▶ [Listed entries]:
========================================================================
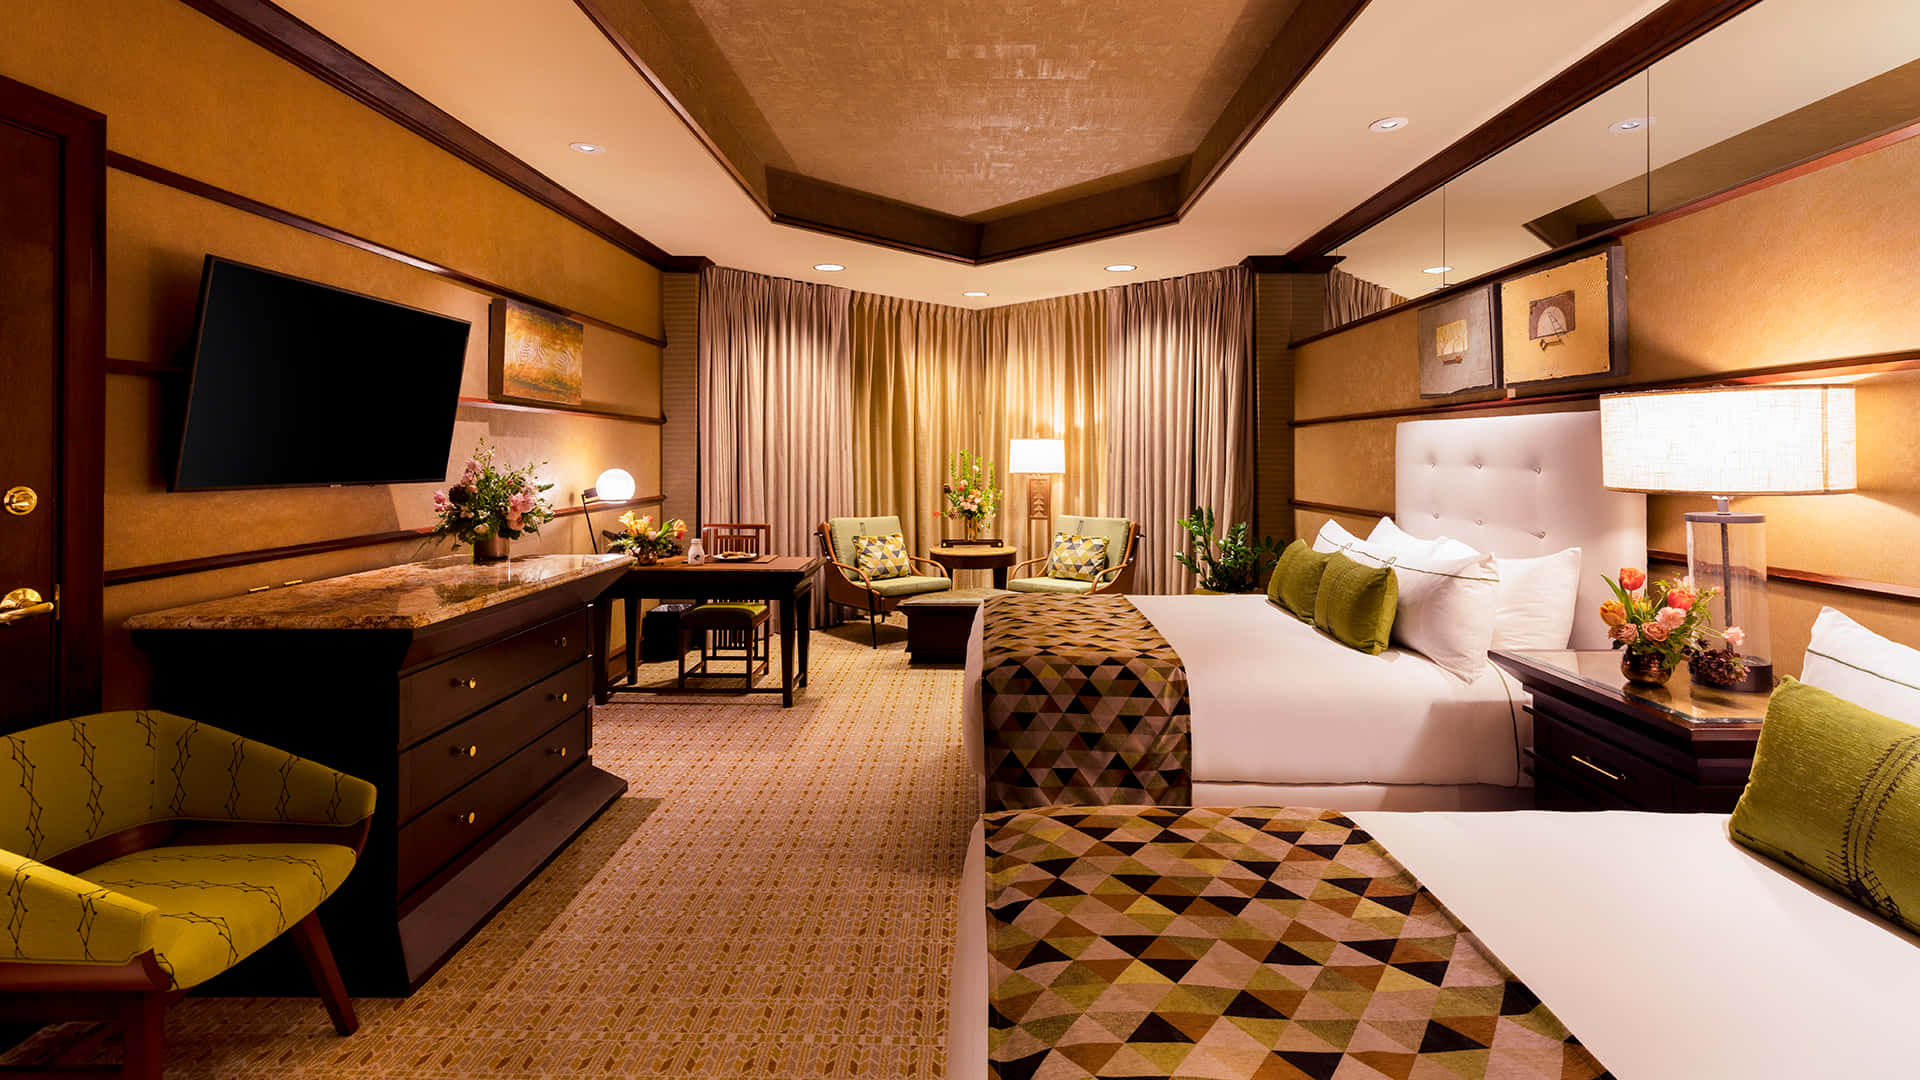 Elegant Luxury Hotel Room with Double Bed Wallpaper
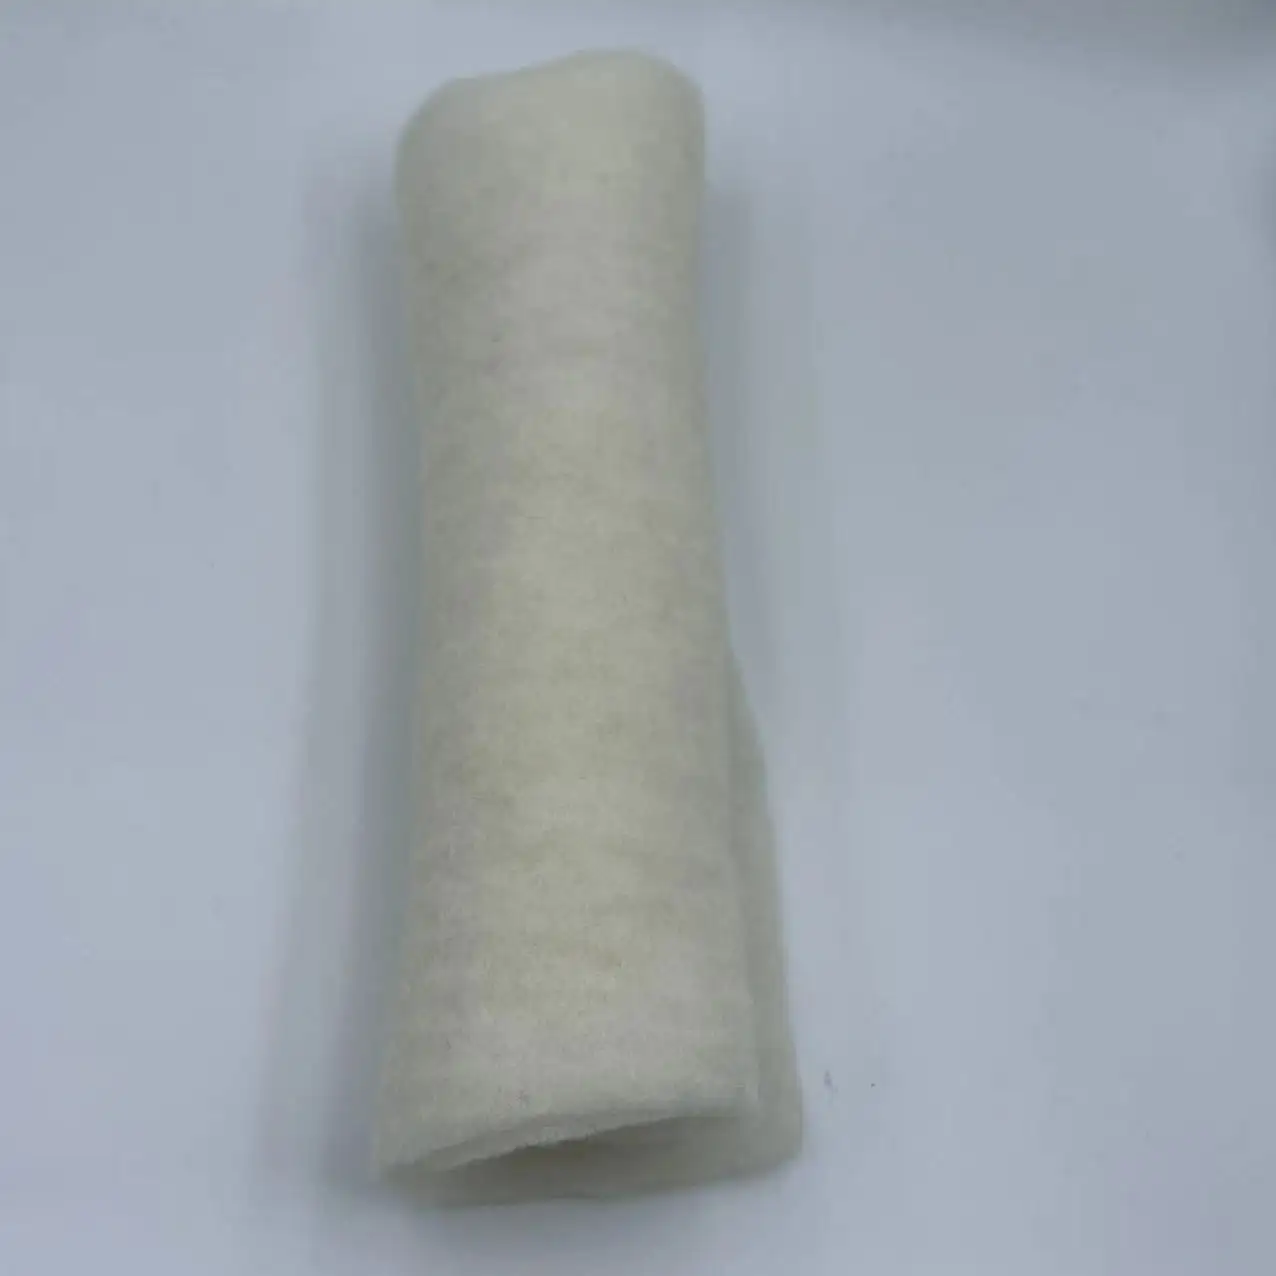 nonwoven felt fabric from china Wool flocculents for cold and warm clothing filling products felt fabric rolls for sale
========================================================================
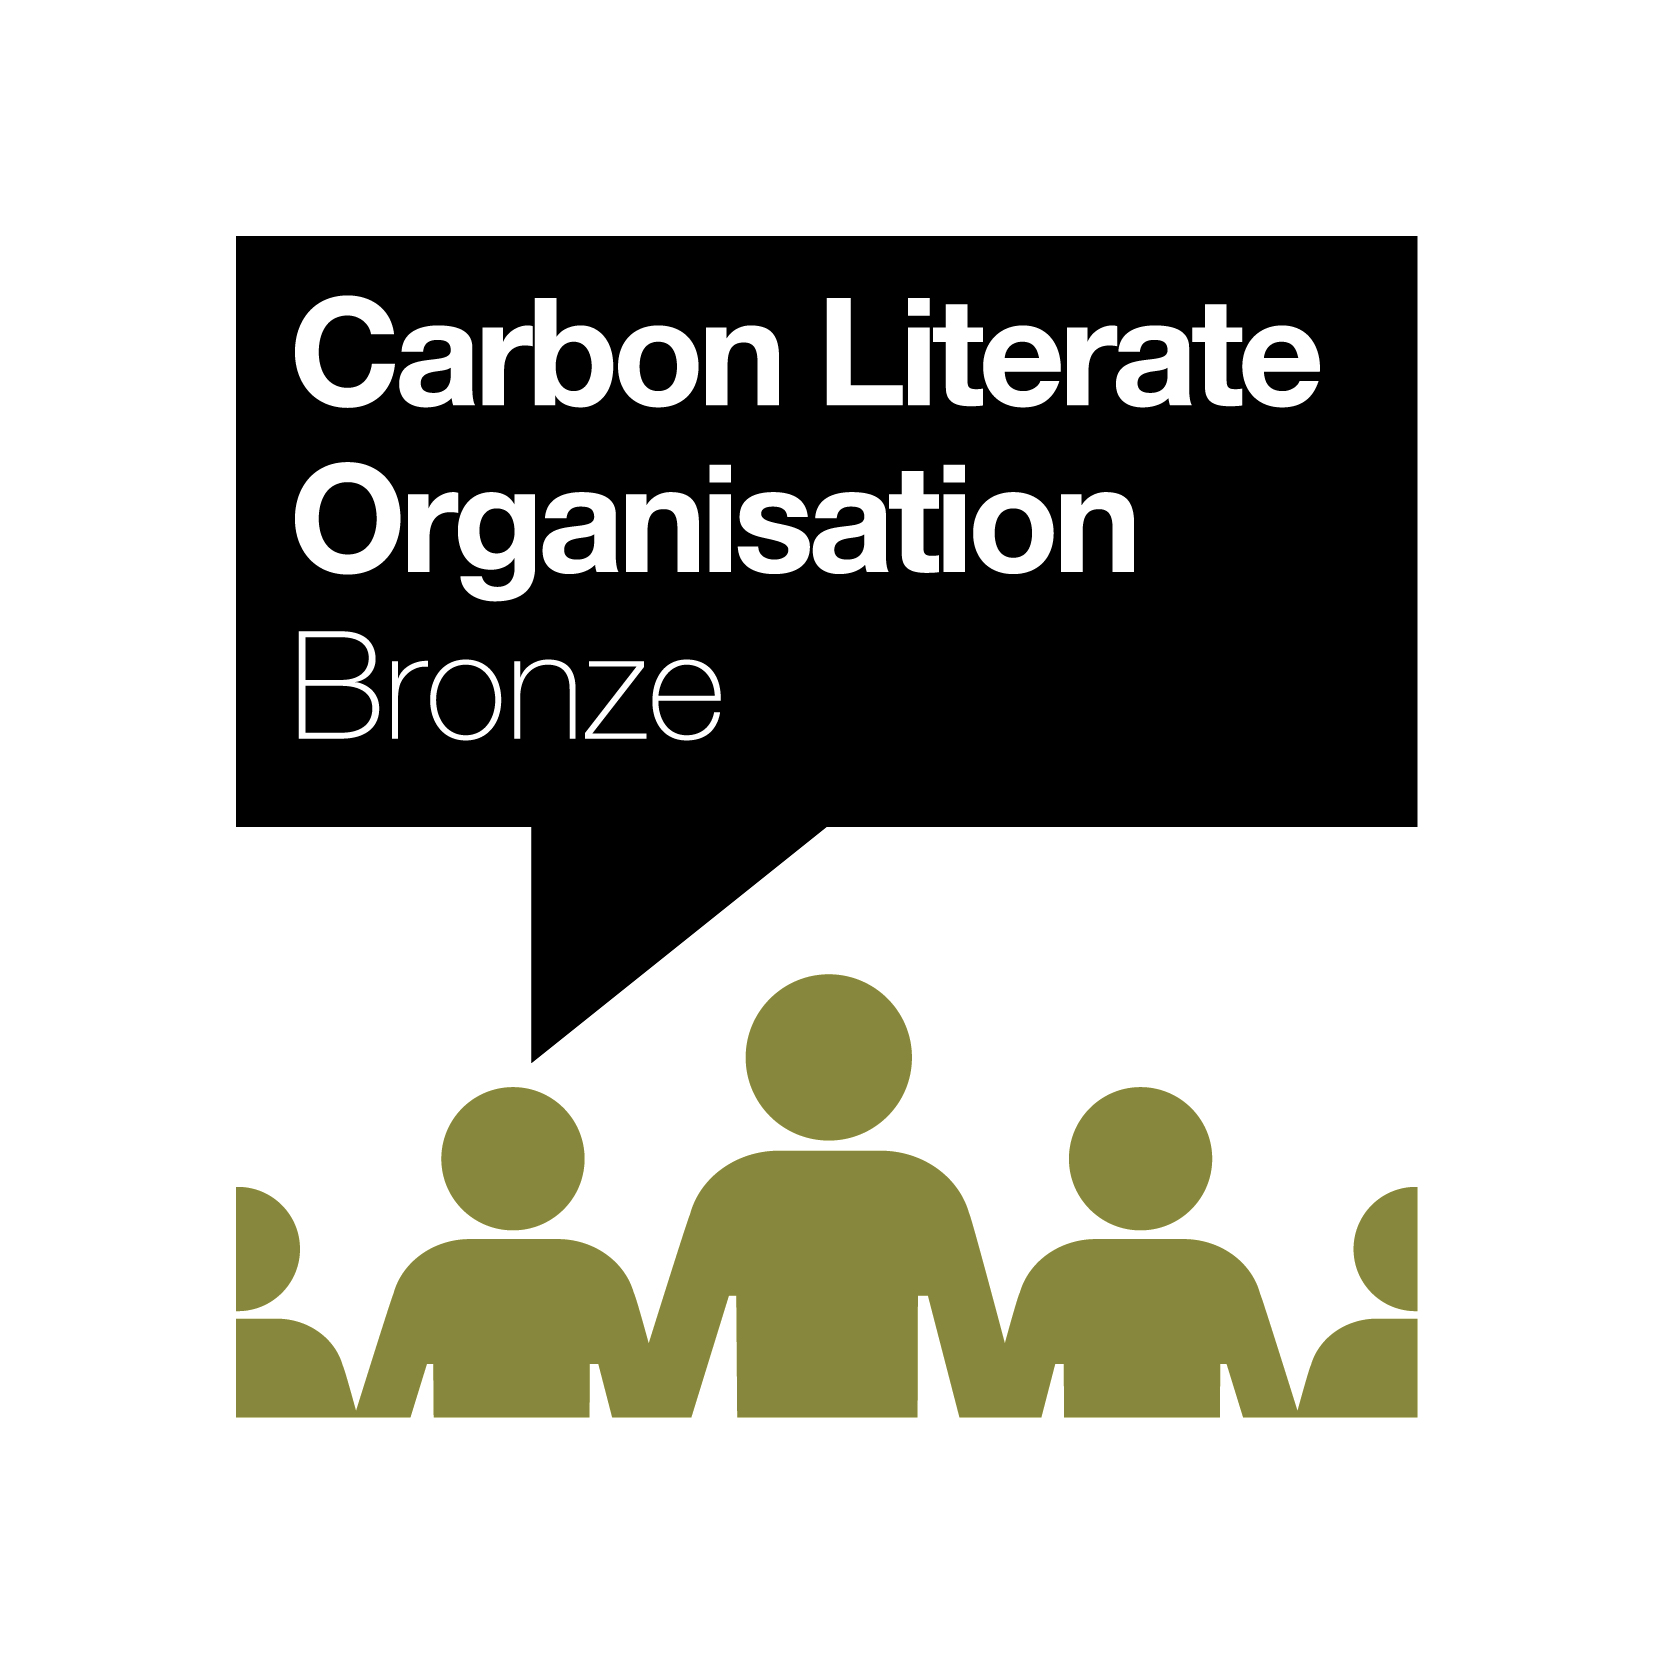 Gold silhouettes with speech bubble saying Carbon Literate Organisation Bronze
========================================================================
▶ [Exercise description]: Copy exactly the part of the material above that opens with the line containing "Elegant Luxury Hotel" and closes with the line containing "nonwoven felt fabric", ends included. Drop the images.

▶ [Answer to this task]:
 Elegant Luxury Hotel Room with Double Bed Wallpaper
 nonwoven felt fabric from china Wool flocculents for cold and warm clothing filling products felt fabric rolls for sale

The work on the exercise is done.